しかしこの青いのは誰だ、レイルスは全く気がつかなかったが、ウソップとナミは何やら仰天した顔をしている。
「誰だ、オメェ!?」
オーズの問いかけに青い男が答える。
「俺の名は、モンキー・D・ルフィだぜ」
「る、ルフィ〜!?」
見た目は完全にゾンビの形相であるルフィを見上げたレイルスは「嘘だ」と冷たい声をあげる。
「ルフィって、どこが!?本当なのか、お前なのか!?」
「本当に、俺だぜ」
「いやその話し方も、何があったんだよ!?」
ウソップが立て続けにツッコミを入れるも、ルフィは淡々と返す。普段の高いテンションもどこぞに落としてきたのか、鋭い目つきでオーズを睨んでいる。そっとした手つきで解放されたレイルスは、改めてその全貌を一瞥する。着ている服は確かにルフィが別れる前にきていたものと一致している。どこで拾ったのか、大きい刀こそ背負っているが、麦わら帽子も目の下にある傷も一緒だ。
「みんな、やられたのか」
「あ、ああ。俺たち以外みんなあの怪物にやられちまった!」
「そうか……下がってろ」
ウソップが無茶だとルフィらしき人物へ嘆くように現状の説明をする。モリアの力によって体を自在に操るできる巨人。パワー、スピードともに凄まじいものでとてもじゃないが1人では無理だと。ウソップとナミの様子に、レイルスはやっと目の前の男がルフィらしいと納得し始めた。
「ゴムゴムの〜!」
「ああ!くるゾォ!!」
敵は待ってなどくれない。後ろに向けて腕をぐんと伸ばしたオーズがこちらを潰さんと構えてきた。
「『銃』!!」
しかし、凄まじい勢いで迫ってくるオーズの巨大な拳を、ルフィが片手で押さえ込んでしまった。これには3人揃って驚愕に目を見開いた。ゾロやサンジでもそらすのがやっとだった攻撃を、片手で押さえたルフィはそれにとどまらずオーズに向かってパンチを繰り出す。その一撃だけで吹っ飛んだオーズにレイルスは冷や汗を流しゴクリと喉を鳴らした。
語尾も見た目もおかしくなったルフィは止める間も無くオーズへと突っ込んでいく。風圧がレイルスの髪を後方へとぶわりと広げた。
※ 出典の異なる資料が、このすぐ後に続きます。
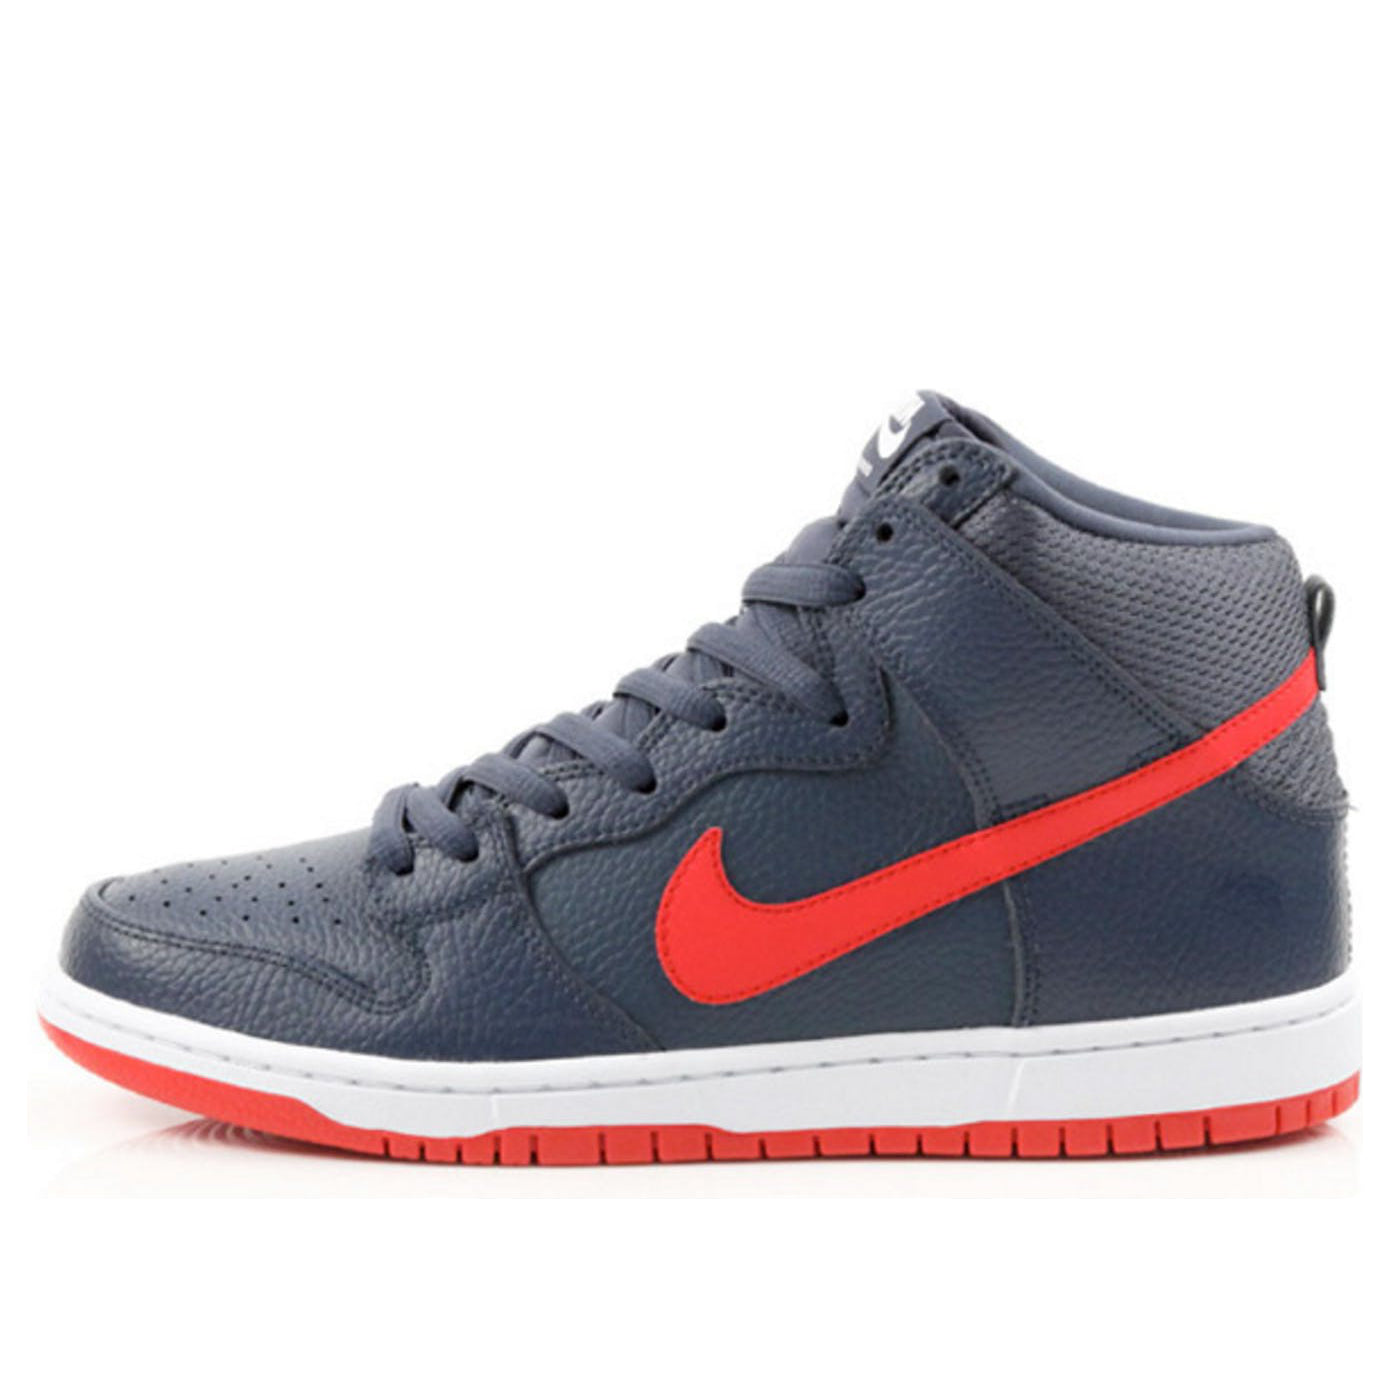 Nike Dunk High Pro Sb 'Squadron Blue University Red' 305050-463 Iconic Trainers - Click Image to Close

そこからは圧巻だった。ルフィの猛攻は一方的にオーズと、中に入ったモリアごとボコボコに叩きのめす。あの巨体をブンブンと振り回して地面に叩きつけ、息つく間もなくコックピットの部分に拳を振るう。ハッとしてあたりを見渡したレイルスは倒れていた一味が何者かに運ばれているのを目撃する。敵かと身構えるもどうやら助けようとしているらしいと耳に届く会話から状況を把握した三人は、彼らに声をかけて現在のルフィの状況を知るに至った。およそ100人もの影を入れて大幅にパワーアップした結果があの体らしい。ルフィの負担は計り知れないと話を聞いてナミは顔を青ざめさせた。